MATERIAL SUPPLIED:
'''

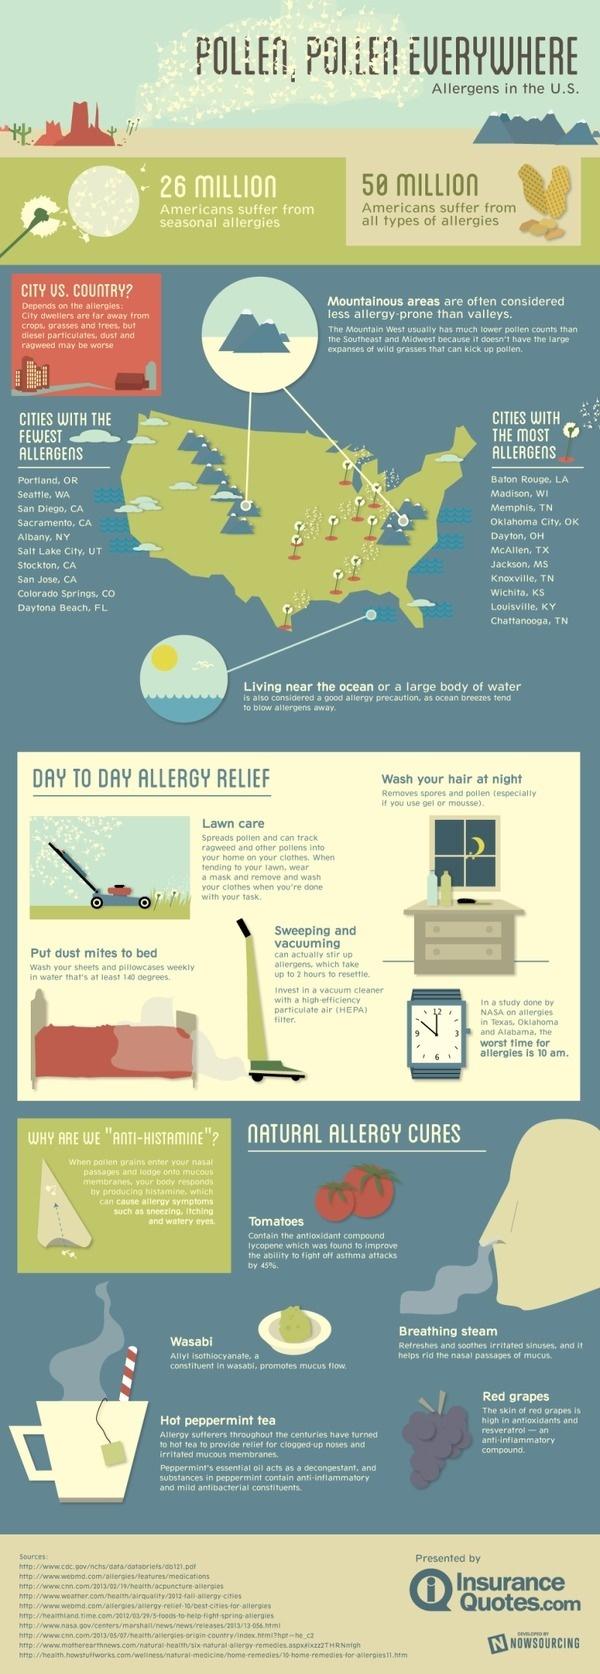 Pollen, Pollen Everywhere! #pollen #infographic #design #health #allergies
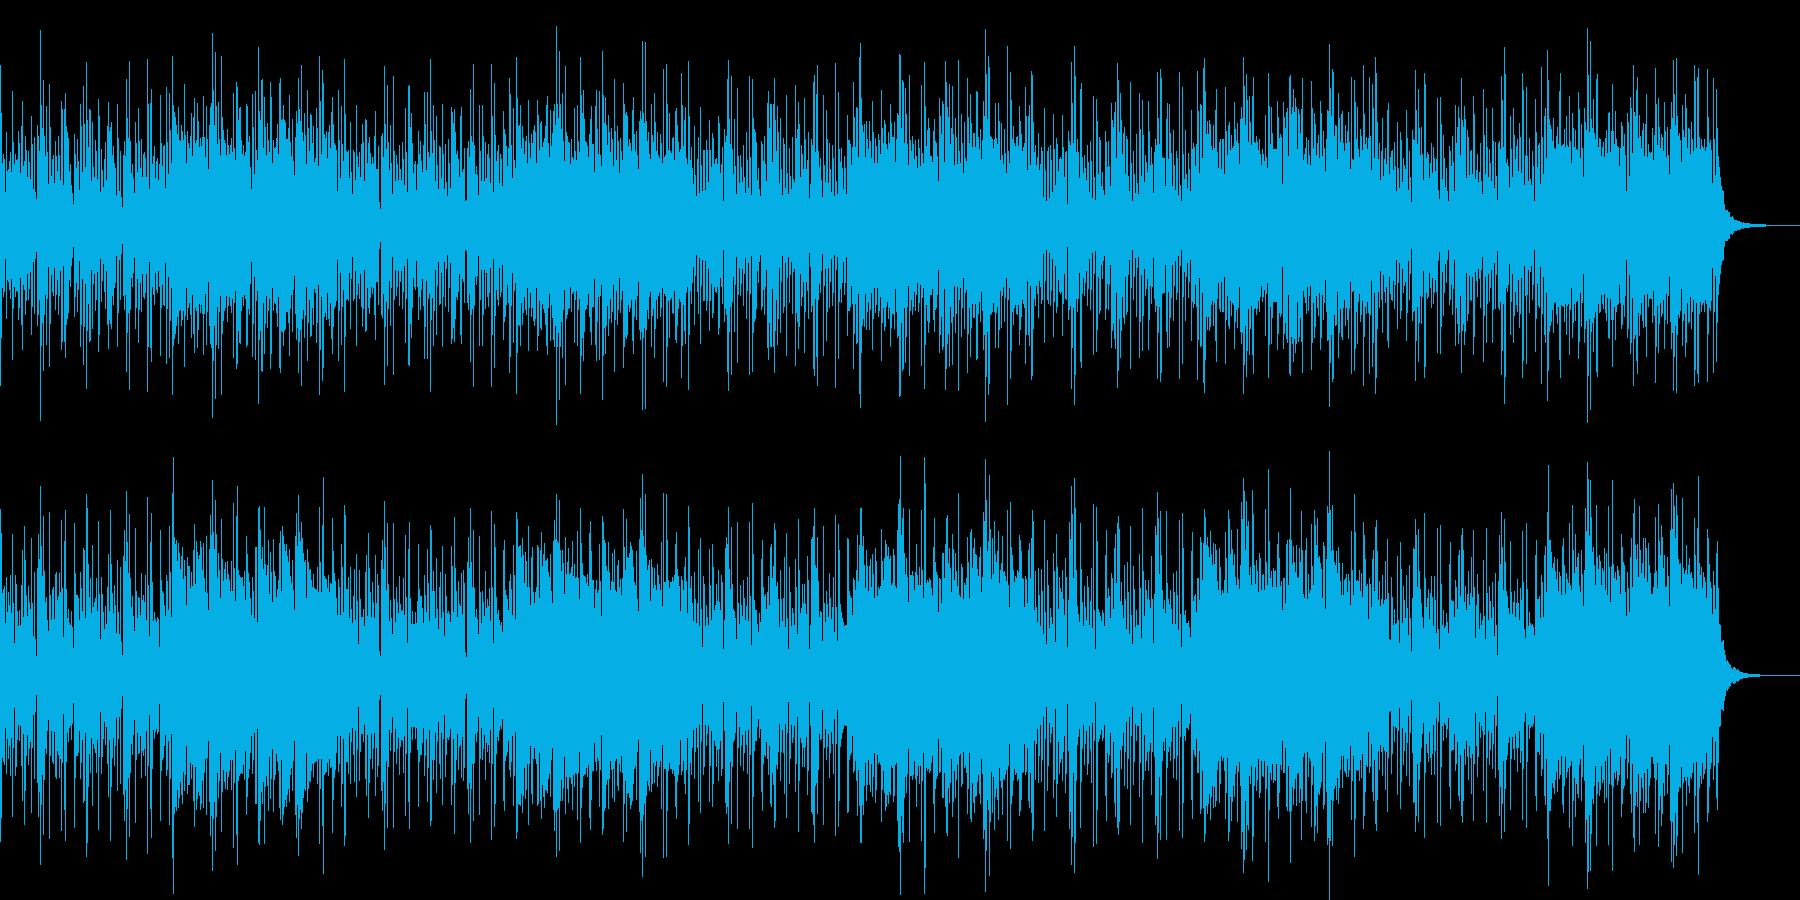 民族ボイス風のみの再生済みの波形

'''
'''

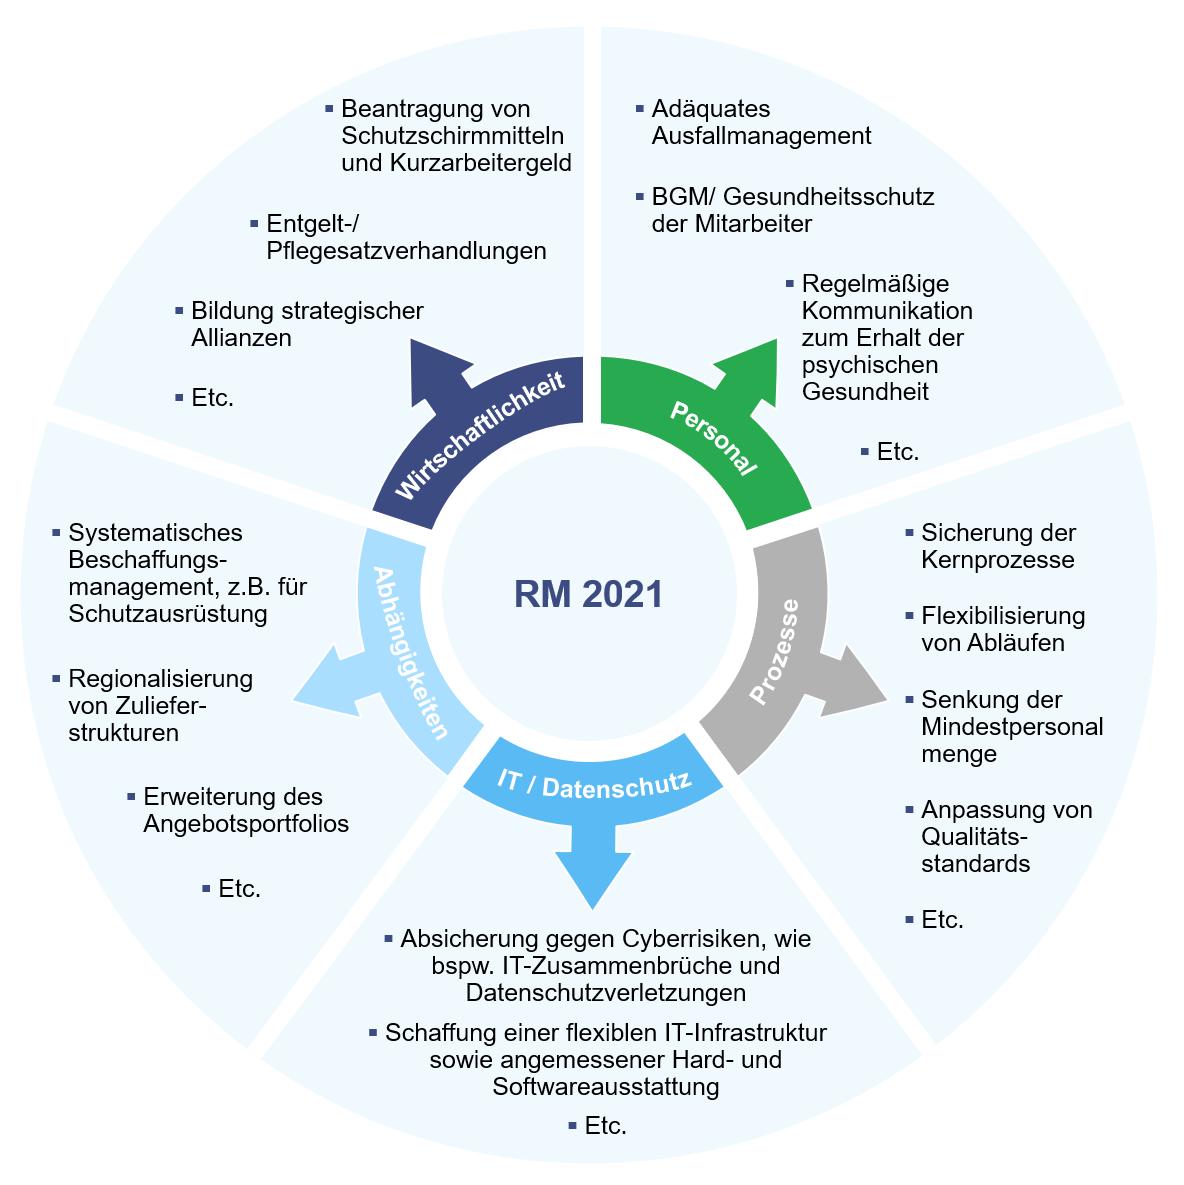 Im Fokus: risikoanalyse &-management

'''

ASSIGNMENT: Word for word, restate the lines above from the one with "Pollen, Pollen Everywhere!" through the one with "民族ボイス風のみの再生済みの波形", keeping both ends and dropping the pictures.

OUTPUT FOR THIS EXERCISE:
 Pollen, Pollen Everywhere! #pollen #infographic #design #health #allergies
 民族ボイス風のみの再生済みの波形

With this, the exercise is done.